*Required action*:
Using the records below, repeat exactly the lines from the one holding "Wallpaper Battleship Poster, Star" through the one holding "Tambov, Federazione russa", both ends included, and no others.

*Material for the task*:
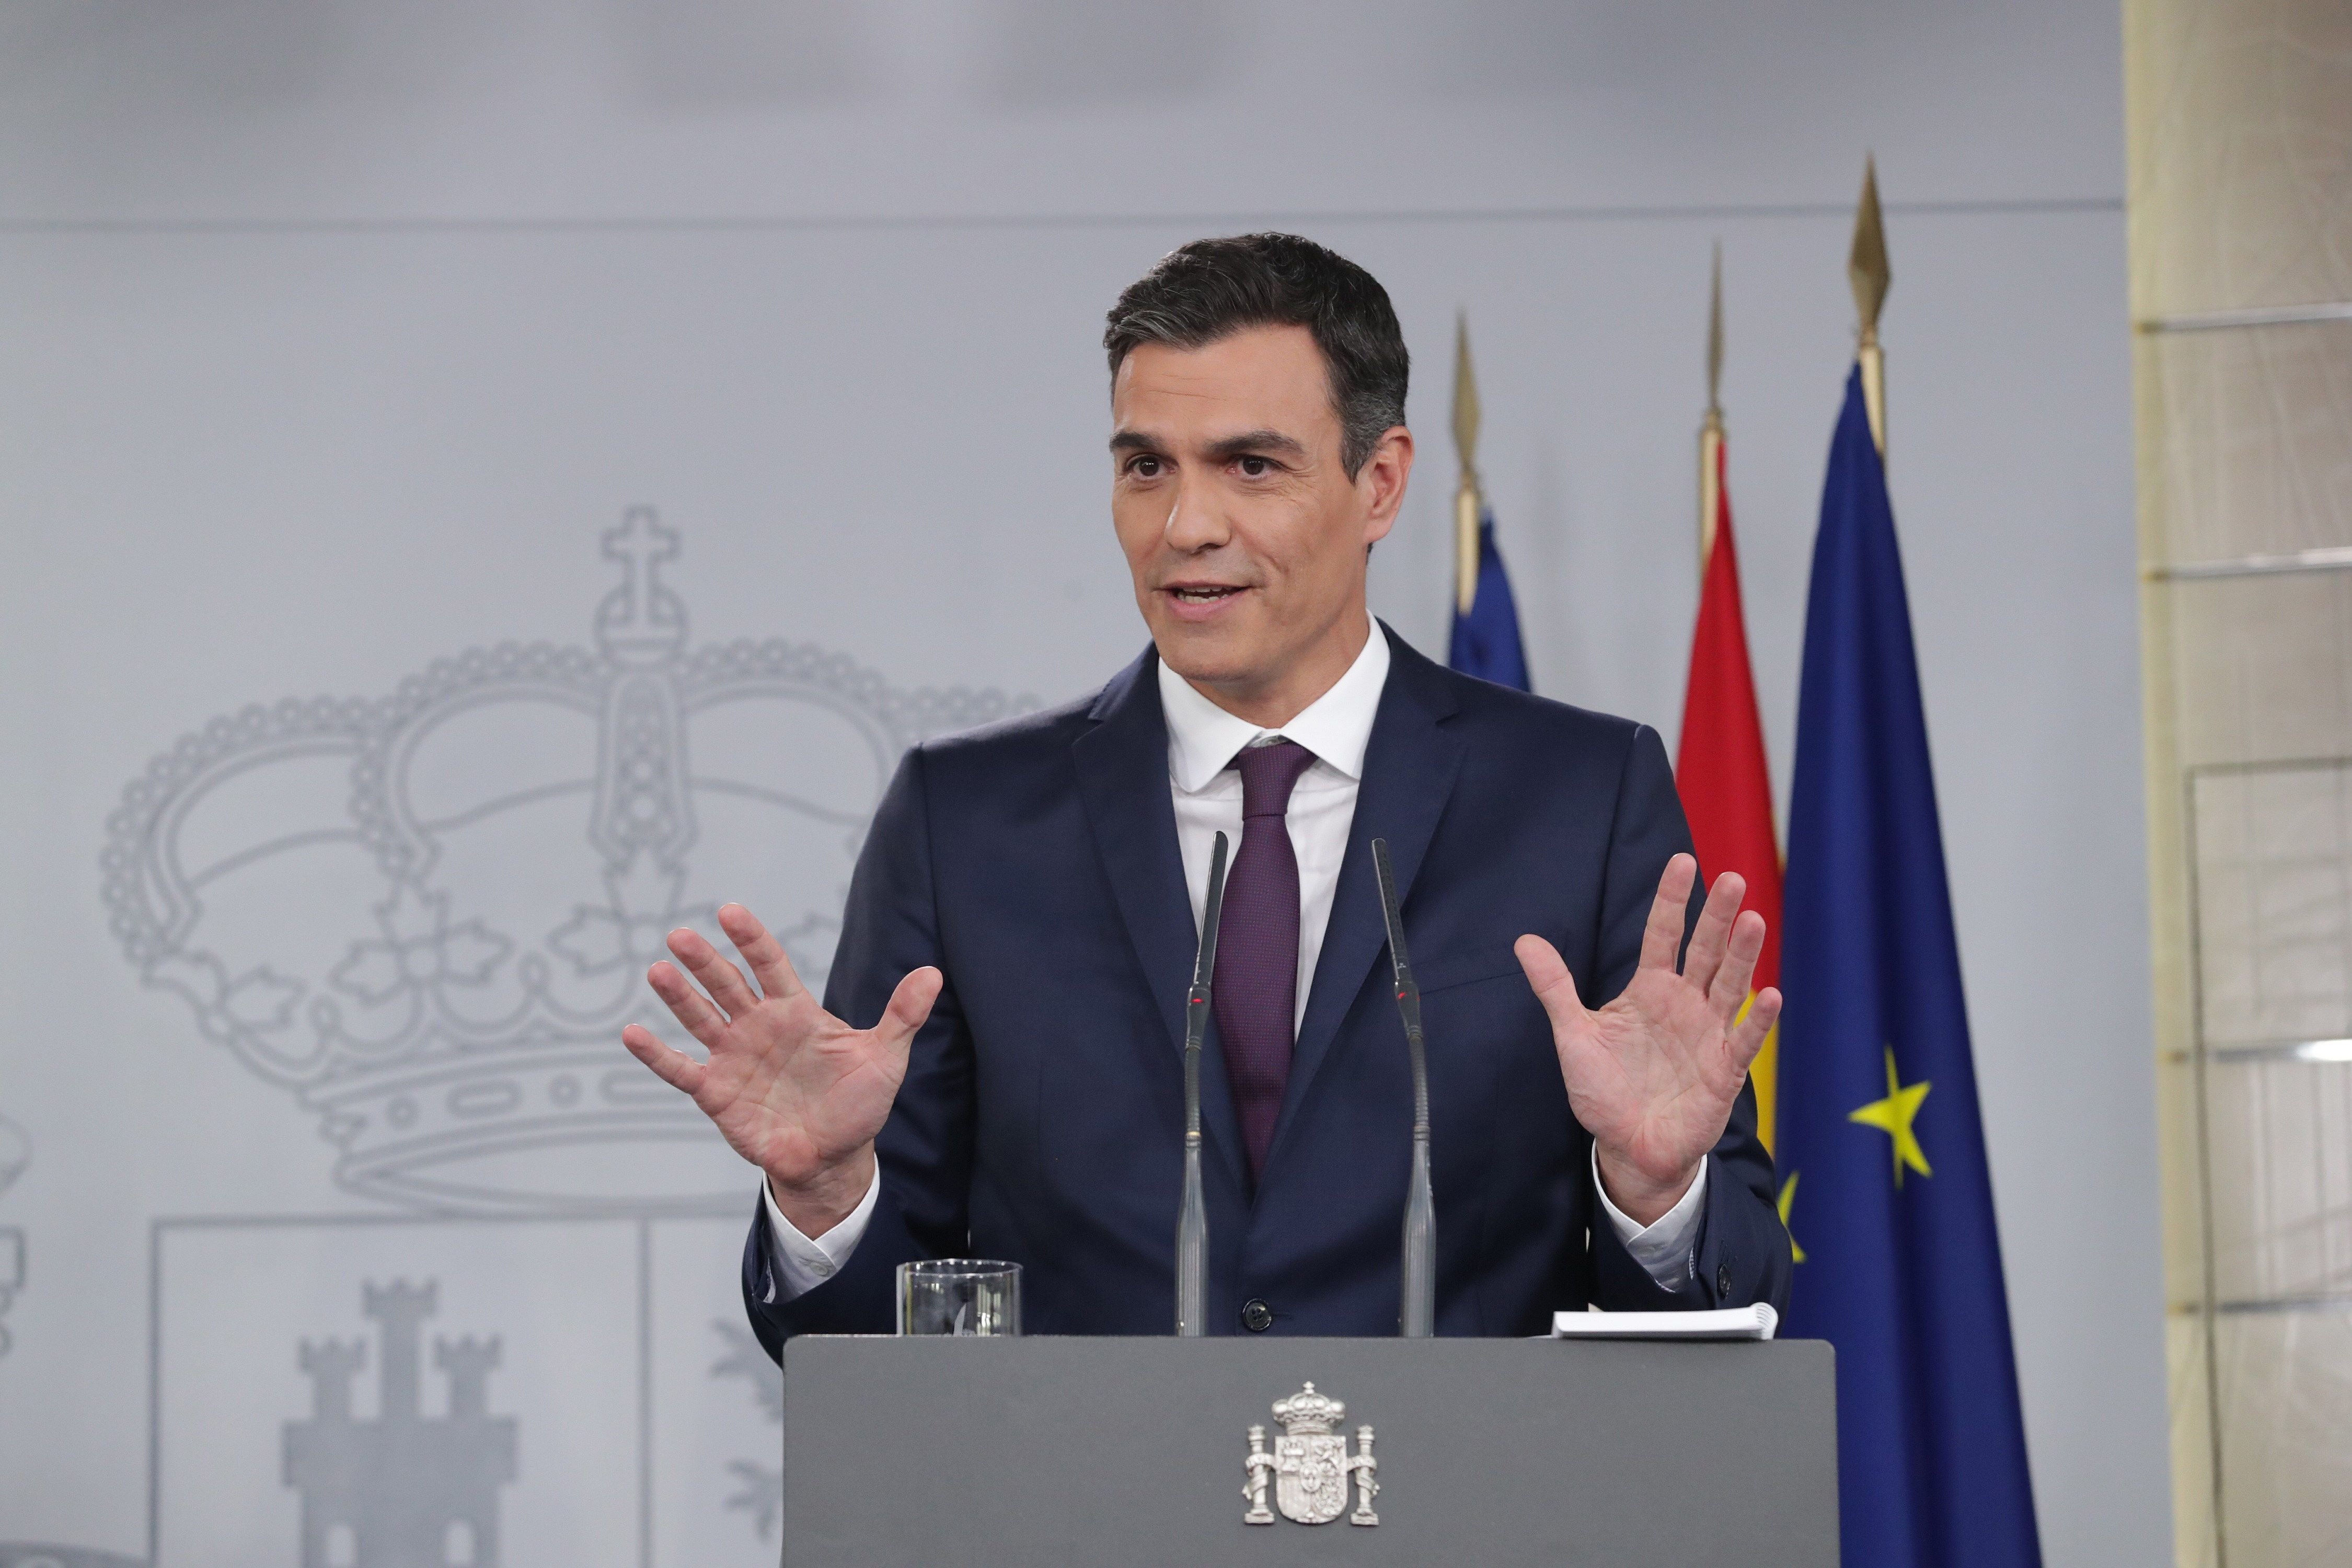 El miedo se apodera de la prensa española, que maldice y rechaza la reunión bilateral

...

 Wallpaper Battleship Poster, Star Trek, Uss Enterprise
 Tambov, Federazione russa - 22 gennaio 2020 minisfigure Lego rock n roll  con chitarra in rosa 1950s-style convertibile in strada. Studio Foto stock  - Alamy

*Answer to this problem*:
 Wallpaper Battleship Poster, Star Trek, Uss Enterprise
 Tambov, Federazione russa - 22 gennaio 2020 minisfigure Lego rock n roll  con chitarra in rosa 1950s-style convertibile in strada. Studio Foto stock  - Alamy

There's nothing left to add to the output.